Task 3:  Time-series data prediction and visualization                                   (20 Marks)

Task  Objectives    :  Understand how to use a machine learning model/classifier with time- series sensor data, that you prepared in Task 2, to make a prediction, and how to visualize those data and predicted results.

Hints    : You are advised to carefully view the relevant content of Task 3 in Yuque Doc, given at [https://github.com/ncl-iot-team/CSC8112].  To install the python dependency package "matplotlib" (a data visualization tool) use the following library including [https://pypi.org/ project/matplotlib/]. To download the package "prophet" (a machine learning tool) use the following link: [https://pypi.org/project/prophet/].

1. Download a pre-defined Machine Learning (ML) engine code from [https://github.com/ ncl-iot-team/CSC8112_MLEngine].

2. Design a PM2.5 prediction operator with the following functions (code) in Azure Lab (Cloud) or the Azure Lab localhost:

(a) Collect all averaged daily PM2.5 data computed by Task 2.2 (d) from RabbitMQ service, and please print out them to the console.

(b) Convert timestamp to date time format ( year-month-day hour:minute:second), and

please print out the PM2.5 data with the reformatted timestamp to the console.
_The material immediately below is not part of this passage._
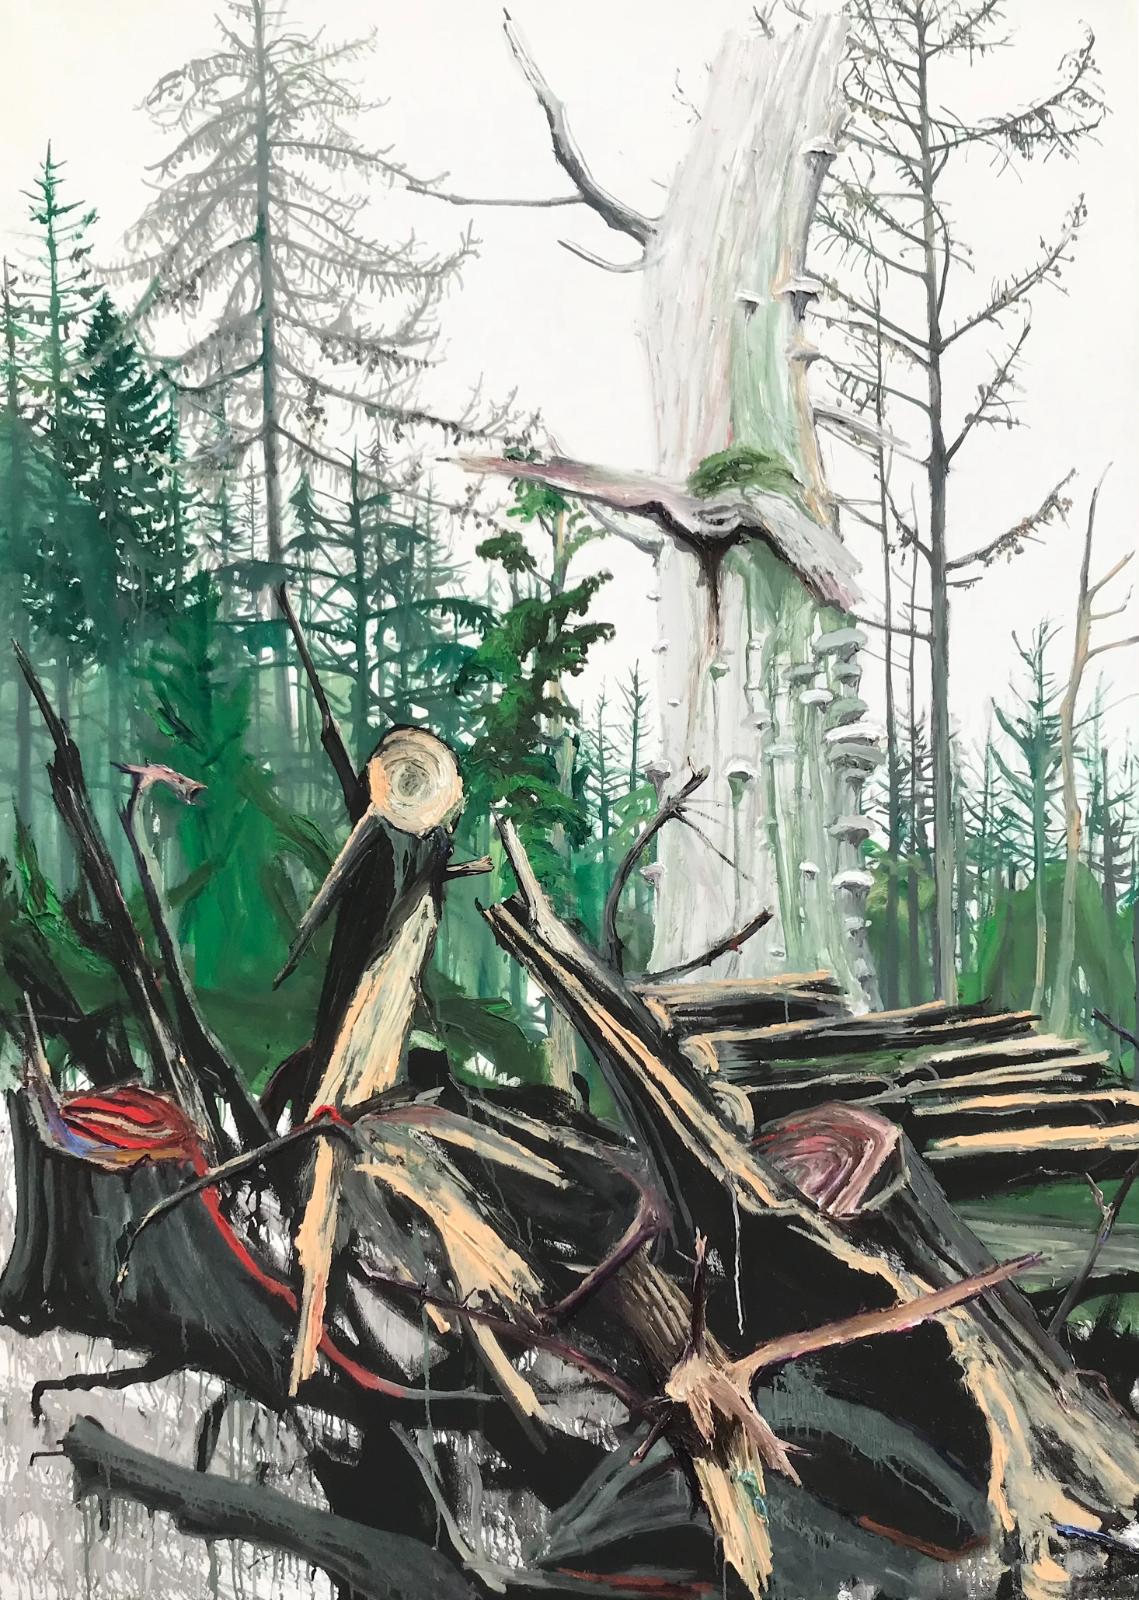 Helge Hommes, Nr. 3 Baumportrait, RHW ..., 2019, Öl auf Leinwand, 250 x 180 cm
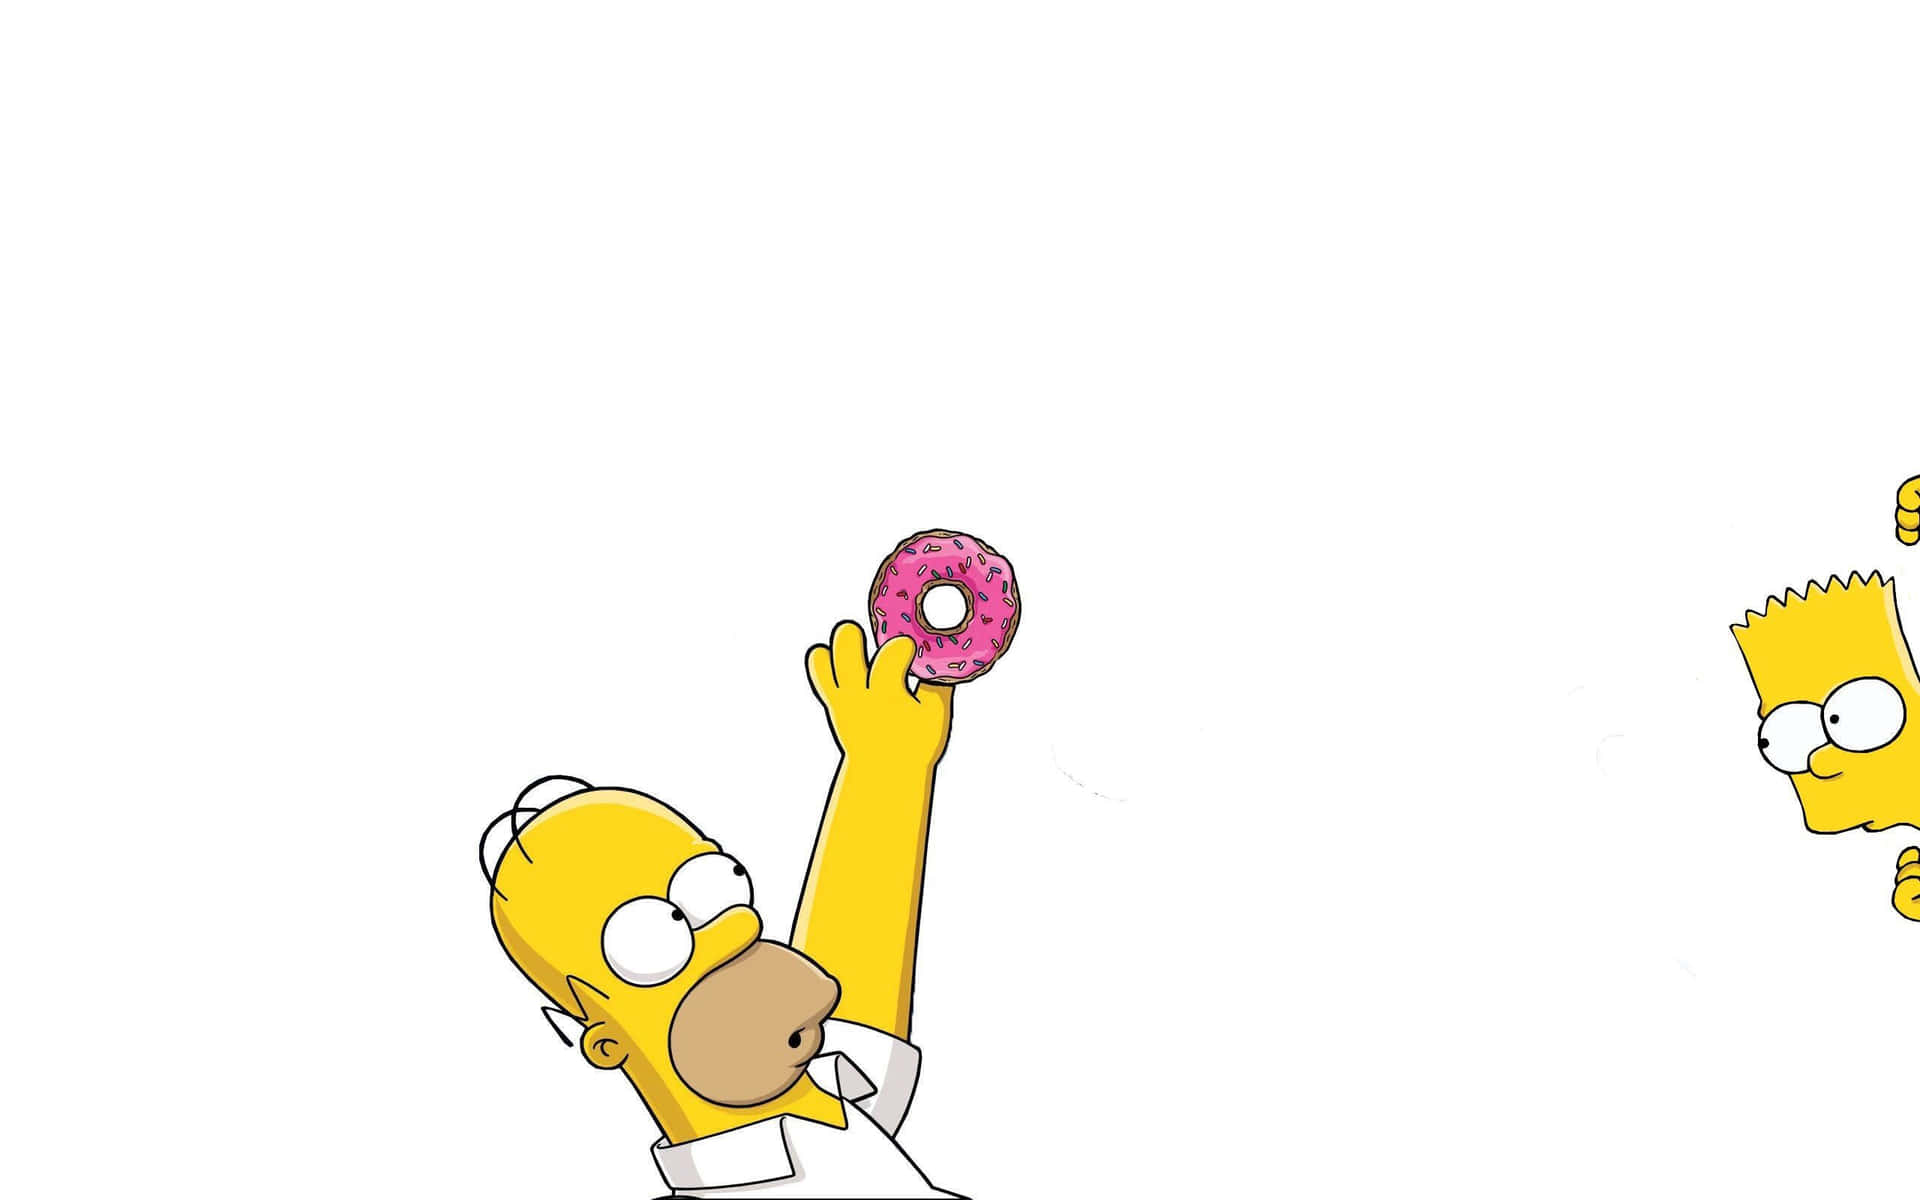 100+] Depressed Bart Simpson Wallpapers

(c) Use the line chart component of matplotlib to visualize averaged PM2.5 daily data, directly display the figure or save it as a file.

(d) Feed averaged PM2.5 data to machine learning model to predict the trend of PM2.5 for the next 15 days (this predicted time period is a default setting of provided machine learning predictor/classifier model).

(e) Visualize predicted results from Machine Learning predictor/classifier model, directly display the figure or save as it a file (pre-defined in the provided Machine Learning code).

Task 4:  Report                                                                                                          (30 Marks)

Prepare the Final Report in plain English. There is no word or page limit, however, we appreciate a clear, concise and focussed presentation style. The report should consist of:

1. Detailed response to each task and related sub-tasks.

2. Screenshots of running services in the Docker Environment.

3. Screenshots of Code Snippets and/or Docker console.

4. Plots of data and prediction results by using Matplotlib.

5. Analytical discussion of the results and related conclusions.